Von Veganismus, nicht von Vegetarismus sprechen und die immensen Differenzen deutlich machen, um den landläufigen Meinung, dass beides irgendwie ähnlich sei, ein Gegenkorrektiv zu geben.
“Deine Meinung nur intern in Blogs wie diesen posten, wo eh “nur” Veganer lesen?”
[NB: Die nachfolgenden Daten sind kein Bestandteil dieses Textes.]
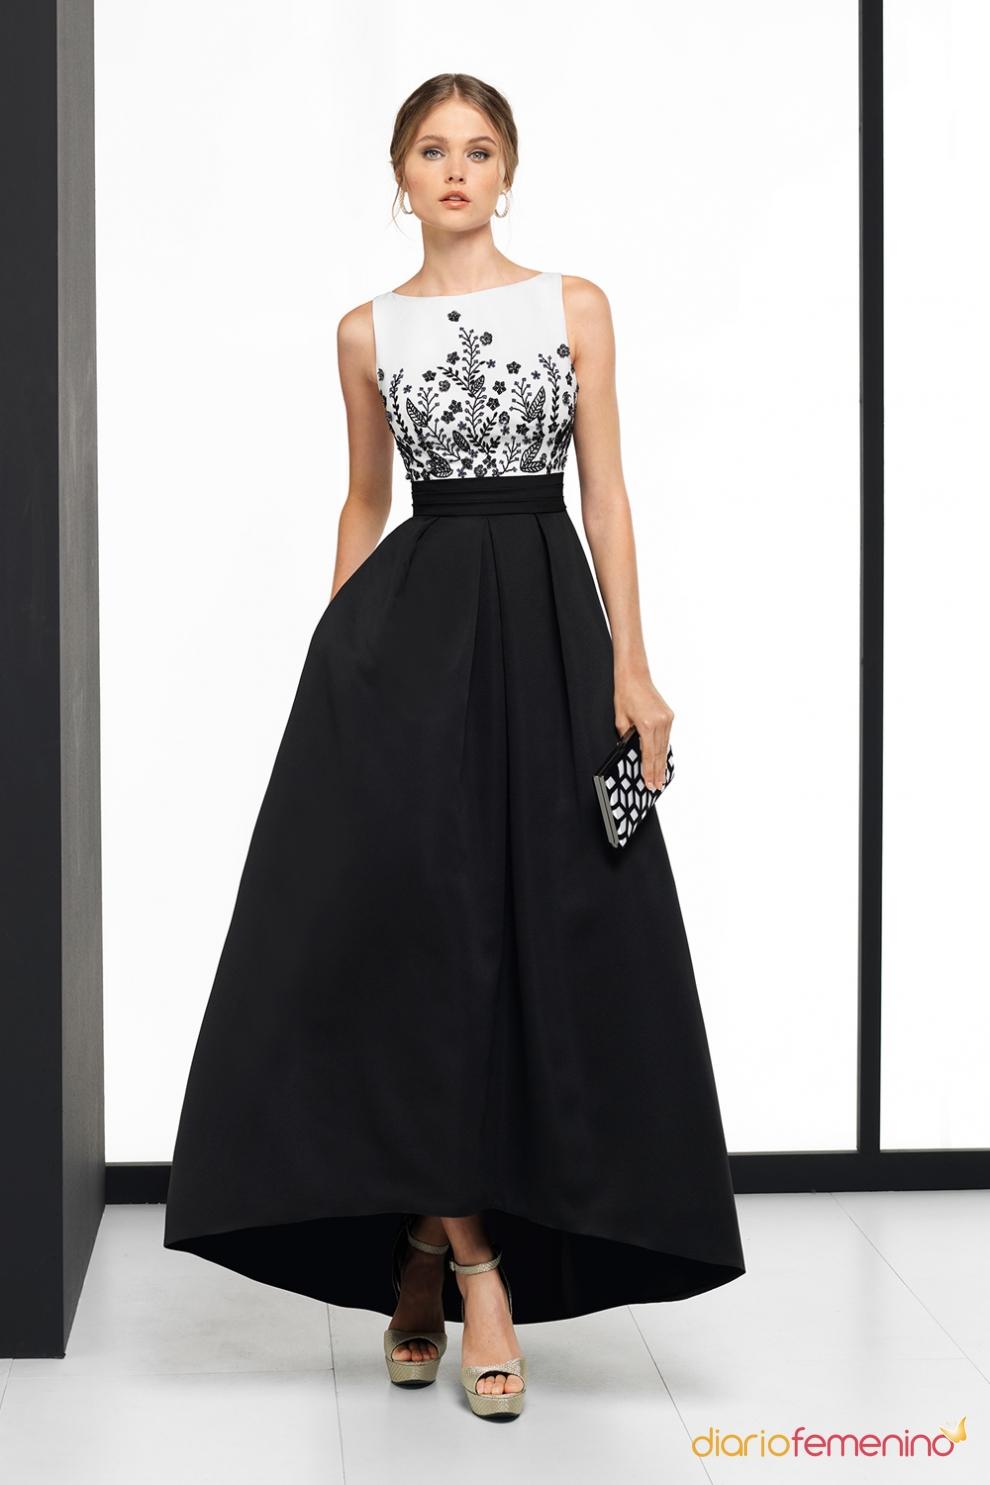 Binomio blanco y negro para un vestido de boda - Moda para boda ...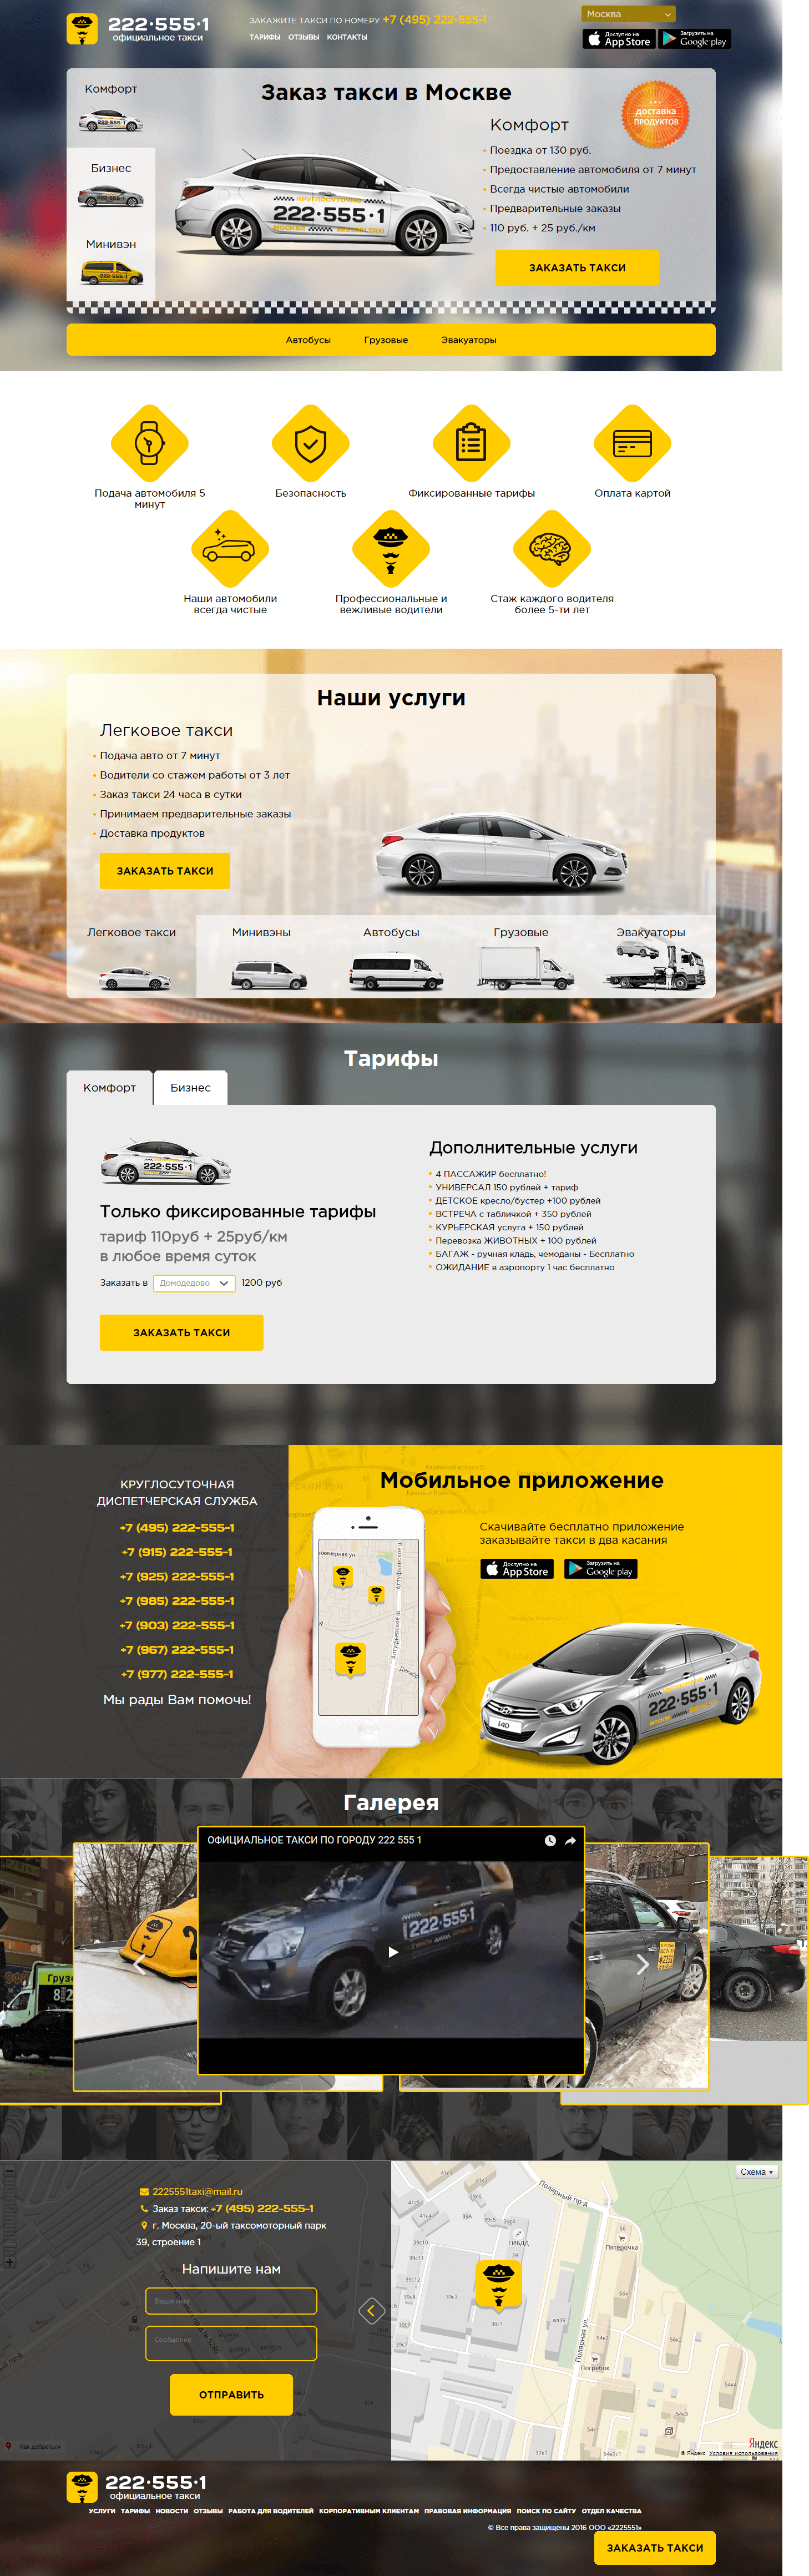 Разработка сайта Такси 2225551

Verstehe ich nicht. Du fragst, ob ich in “öffentlichen” Gesprächen etwas anderes sagen würde, als im Internet (wobei das Internet sehr öffentlich ist)?
13. Mai 2010 um 17:17
Nein, Martin, mich interessiert, ob du für die Medien ein Interview geben würdest, obwohl du weißt, dass sie nur das veröffentlichen, was sie wollen.
13. Mai 2010 um 19:48
Ja sicher. Aber wenn meine Aussage so entstellt wurde, dass das, was ich eigentlich sagen wollte, nicht mehr deutlich ist, wäre das erste, was ich täte, wenn ich diesen Beitrag irgendwo veröffentliche, eindeutig und unmissverständlich daraufhinzuweisen. Da du in diesem Eintrag nichts dergleichen getan hast, scheint es so zu sein, als wenn du mit dem Endergebnis zufrieden gewesen seist. Zudem wäre ich von etwas anderem auch überrascht, weil die Aussagen genau der VEBU-Politik entsprechen, die nicht dafür bekannt ist, dass bei Vegetarismus konsequent ethisch argumentiert (da dies ein Selbstwiderspruch wäre), sondern Umformulierungen vornimmt, um solche “Probleme” zu umgehen (und von “Tiere essen” spricht, statt von “Tiere töten”).
14. Mai 2010 um 14:04
Irina von Rezeptefuchs im vegan.ch-Podcast!
Das einstündige Interview ist hier verlinkt: http://www.rezeptefuchs.de
23. Juni 2010 um 18:30
ARD sucht grad aktuell nach einer vegetarisch lebenden Familie hier in der Nähe. Kennt ihr wen?